Doutor Gilmar Stelo, advogado e fundador do Stelo Advogados, chama atenção para uma etapa das relações empresariais que costuma receber menos atenção do que a assinatura: a própria negociação. Antes de existir um contrato definitivo, as partes já podem trocar informações, apresentar condições, solicitar documentos e tomar decisões com base no avanço das tratativas.
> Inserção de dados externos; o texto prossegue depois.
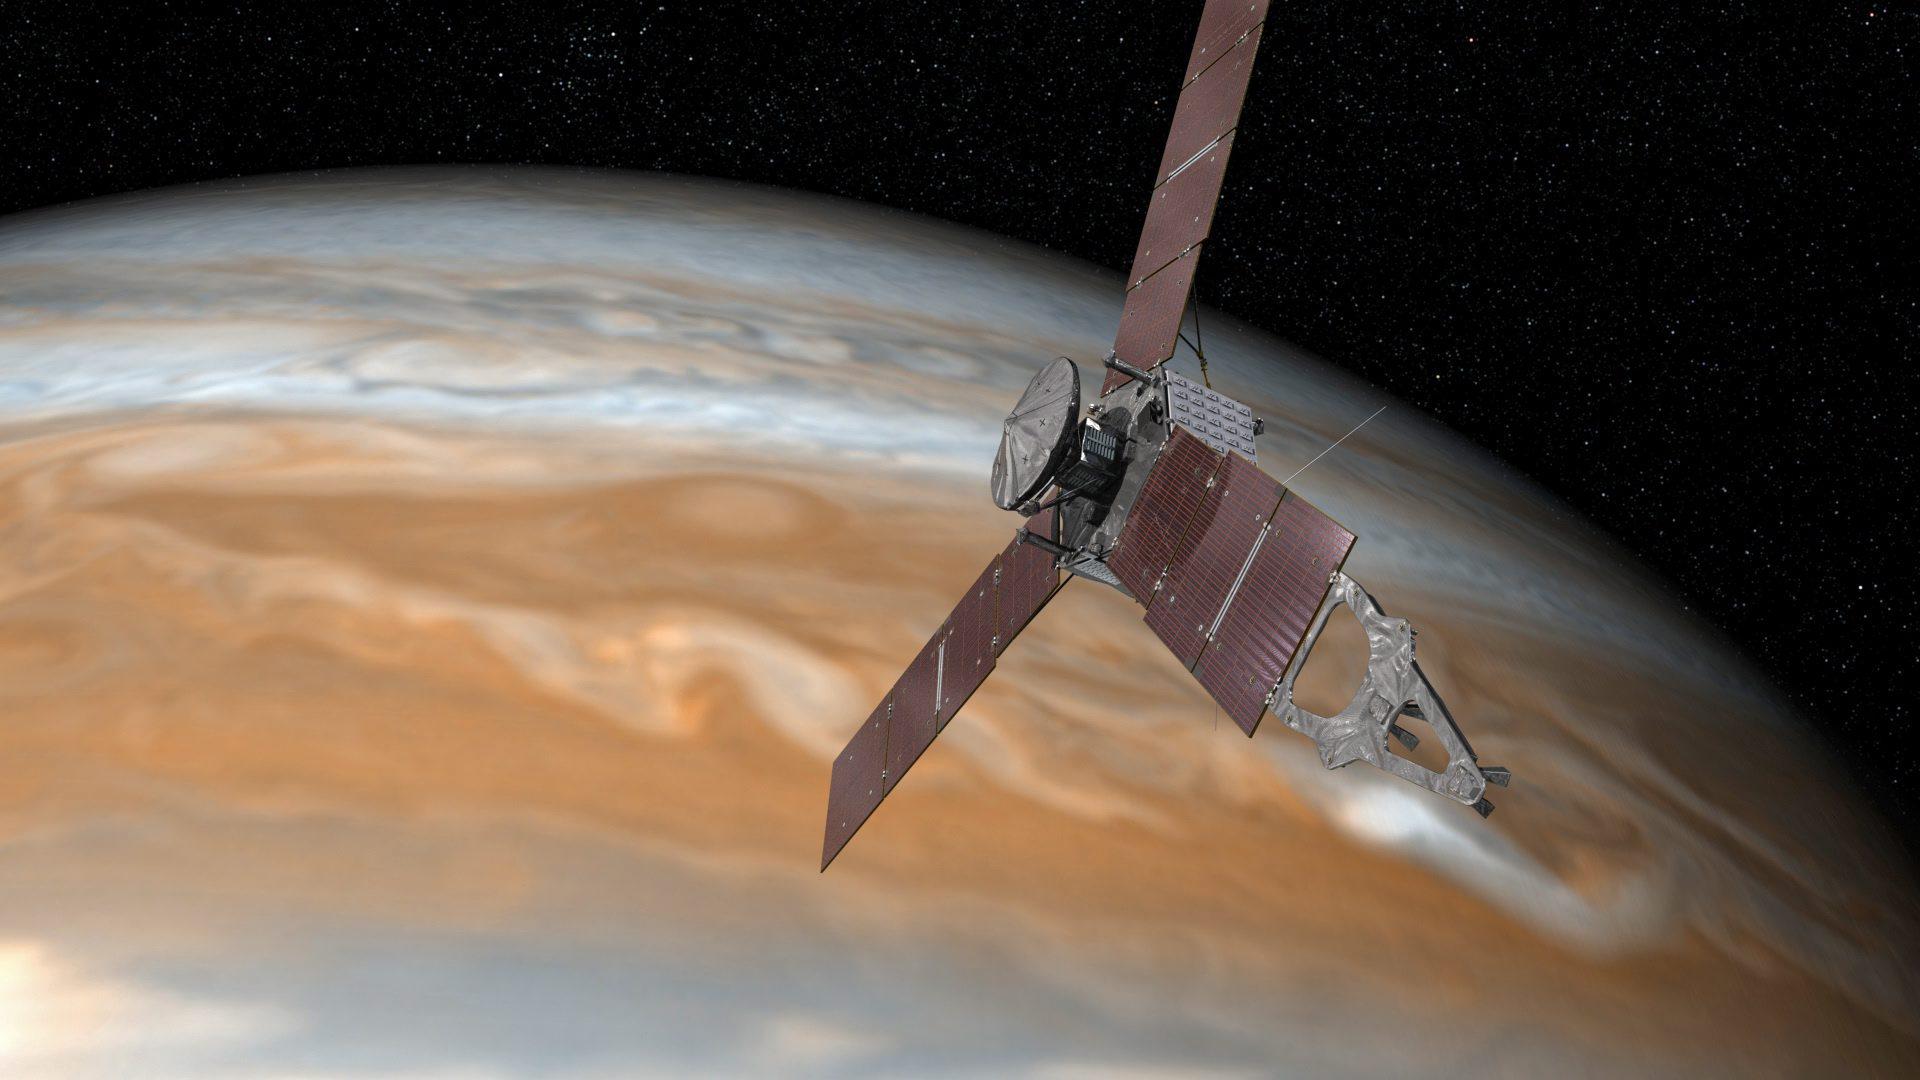 """Изследването на Слънчевата система стана много интересно през юли, когато американската сонда """"Джуно"""" застана на орбита около Юпитер след продължило пет години пътуване. В края на август """"Джуно"""" осъществи първото си близко прелитане край планетата, преминавайки на безпрецедентните около 4200 км над плътните облаци на газовия гигант.НАСА вече публикува <a href=""""http://www.vesti.bg/tehnologii/nauka-i-tehnika/eto-gi-pyrvite-snimki-na-iupiter-ot-nasa-6056239"""" target=""""_blank"""">снимки</a> на полюсите на Юпитер, заснети от космическия апарат.""""Джуно"""" записа и звуци, идващи от Юпитер."""

Isso não significa que toda negociação iniciada obrigue as partes a concluir o negócio. O ponto jurídico é outro. O Código Civil estabelece a boa-fé como parâmetro para a conclusão e a execução dos contratos, e o comportamento adotado durante uma negociação pode ser relevante quando uma das partes cria expectativas legítimas e posteriormente age de maneira incompatível com elas.
Negociar não significa contratar
Uma conversa comercial, uma reunião ou uma troca de propostas não representa necessariamente a formação de um contrato. As partes podem estar avaliando possibilidades, comparando condições ou dependendo de aprovações internas antes de assumir uma obrigação definitiva.
Doutor Gilmar Stelo explica que essa distinção é importante porque evita dois extremos. De um lado, considerar que qualquer negociação já gera um vínculo contratual completo. De outro, acreditar que tudo é permitido antes da assinatura, independentemente da forma como as tratativas foram conduzidas.
A boa-fé também aparece antes da assinatura
A boa-fé objetiva estabelece padrões de comportamento que podem alcançar diferentes momentos da relação entre as partes. Durante uma negociação, isso pode envolver cuidado com informações relevantes, coerência das condutas e respeito às expectativas legitimamente produzidas pela própria atuação dos envolvidos.
O problema pode surgir quando uma parte conduz tratativas avançadas durante longo período, solicita informações estratégicas, induz determinados investimentos ou cria uma expectativa concreta de conclusão e, posteriormente, rompe a negociação em circunstâncias que geram prejuízo injustificado. A análise depende sempre do caso concreto.
Nem todo prejuízo gera indenização
O simples fato de uma negociação não chegar ao fim não significa que exista automaticamente responsabilidade civil. Empresas têm liberdade para desistir de negócios quando ainda não existe obrigação de contratar, especialmente quando isso está dentro das condições previamente apresentadas.

Doutor Gilmar Stelo, referência em atuação estratégica no Direito, ressalta que a questão está em identificar se houve uma conduta juridicamente abusiva ou incompatível com os deveres aplicáveis àquela negociação. O prejuízo precisa ser analisado junto com a conduta, o contexto e a existência de relação causal entre o comportamento e o dano alegado.
Informações trocadas também merecem atenção
Negociações empresariais frequentemente envolvem informações financeiras, estratégias comerciais, dados de clientes, processos internos e documentos confidenciais. Mesmo quando o contrato definitivo ainda não foi assinado, as partes podem estabelecer instrumentos específicos de confidencialidade para disciplinar o uso dessas informações.
Esse cuidado é especialmente importante quando a negociação envolve aquisição de empresas, parcerias estratégicas ou desenvolvimento conjunto de produtos. A decisão de não concluir o negócio não transforma automaticamente em legítimo o uso das informações obtidas durante as tratativas.
Como reduzir conflitos durante a negociação?
Uma medida preventiva é deixar claro quais etapas representam apenas negociação e quais dependem de condições adicionais. Também pode ser útil estabelecer por escrito quais informações são confidenciais, quem poderá acessá-las e para qual finalidade poderão ser utilizadas.
Doutor Gilmar Stelo, especialista na área jurídica, contencioso e administrativo, indica que essa organização não precisa impedir negociações flexíveis. Pelo contrário, regras claras podem permitir que as partes avancem com maior segurança, sem confundir intenção de contratar com obrigação definitiva.
O ponto central é que a assinatura não representa necessariamente o primeiro momento juridicamente relevante de uma relação. Dependendo das circunstâncias, o comportamento adotado durante as tratativas pode produzir consequências que precisam ser avaliadas separadamente da existência ou não de um contrato final.
Para as empresas, isso significa que a negociação merece atenção jurídica própria. Saber quando existe apenas uma possibilidade de negócio, quando uma obrigação já foi assumida e quais deveres permanecem durante as tratativas ajuda a evitar que uma negociação interrompida se transforme em um conflito posterior.
Por fim, a segurança jurídica, nesse caso, não depende de transformar toda conversa comercial em contrato. Depende de estabelecer limites claros para aquilo que está sendo negociado e compreender que a liberdade de não contratar não significa liberdade para conduzir qualquer negociação de qualquer maneira.